May your journey teach you many lessons that strengthen you along the way. May you see just how wonderful and deserving of love and support that you are and may you find that in places that you may not have discovered it before. Mostly, may you find that in yourself. As you believe in God, it is there. Just look for it and you’ll see what I’m talking about :))
Alright. I see alot of posts mentioning about God or what ever. That is all fine & dandy.
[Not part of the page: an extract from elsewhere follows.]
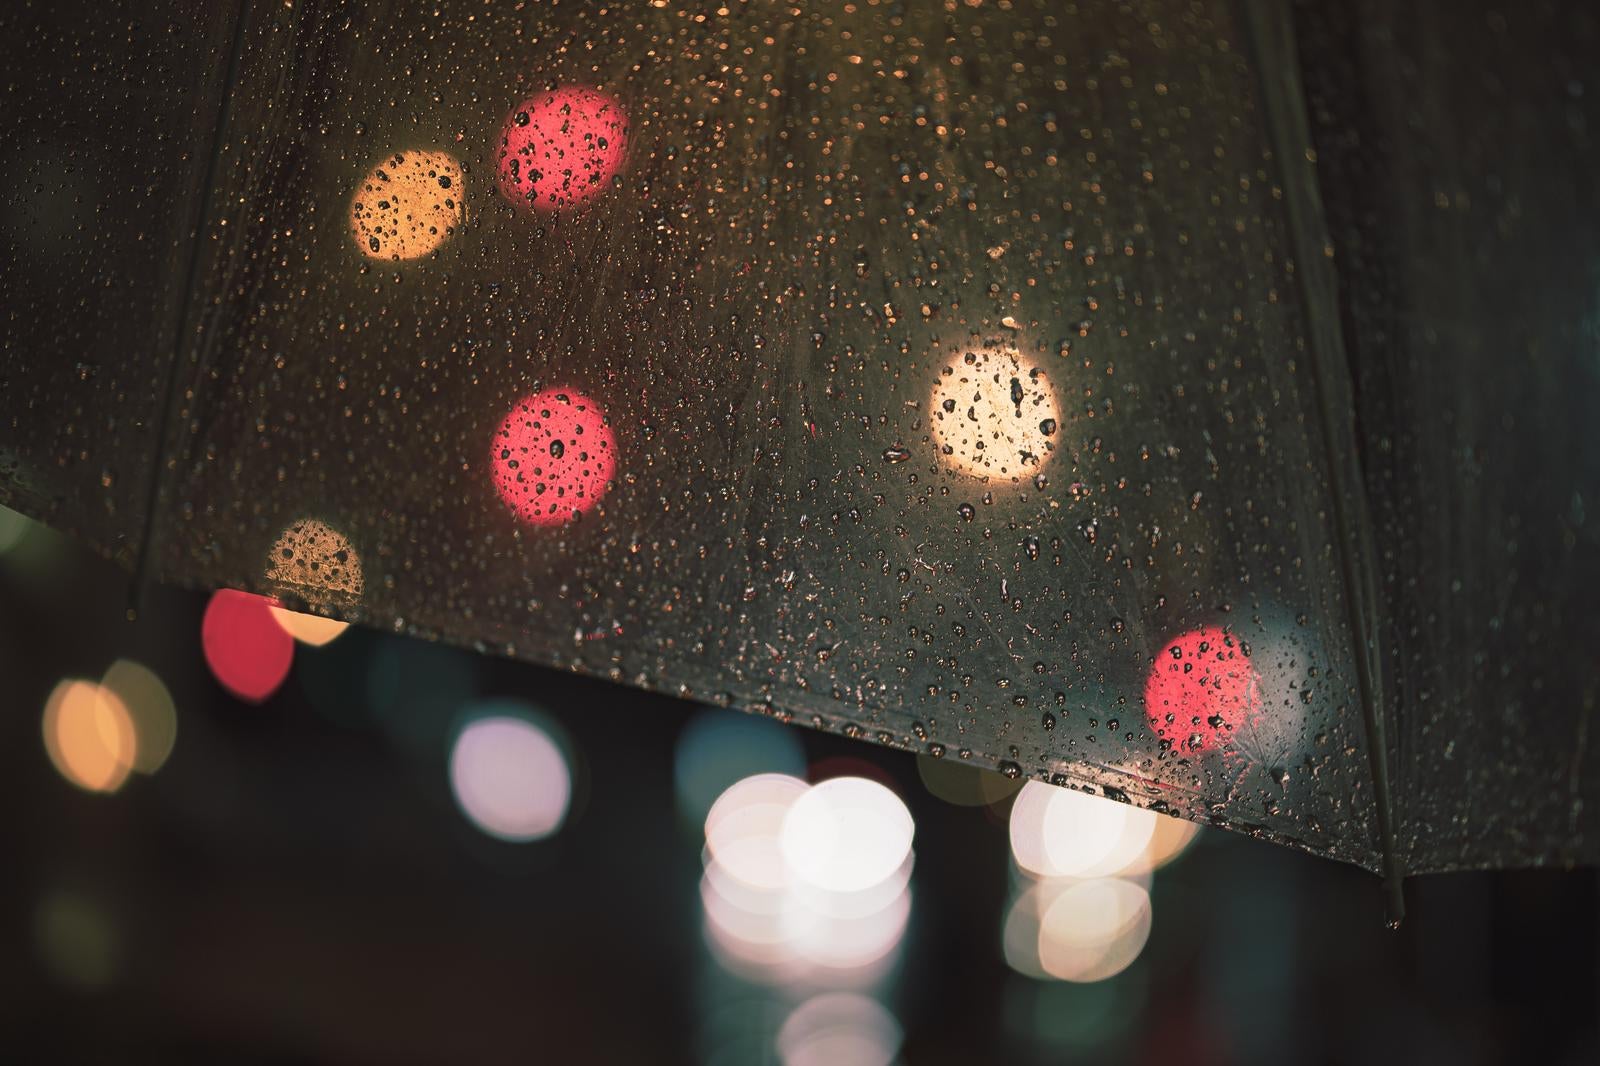 「傘の雨粒と街灯の丸ボケ」の写真

What I do hope the people who have been the prey of these predators is that you find another source of inspiration which is knowledge. There are many well written non-fiction book on psychopathy. Martha Stout says the universal indicator of sociopathy is the pity play. Watch for that symptom. If someone is truly destroying your life & wants pity for their own wrongdoing, how can you truly forgive this person? Step up to the challenge. Do not tremble in fear. Just confront them & see for yourself how you have been fooled into their stupid little f****ng games. Do not make a sacrifice for these people. Make a sacrifice for yourself. People with a conscience on their shoulders need to step up to these people or else these people will just eventually propagate & propagate.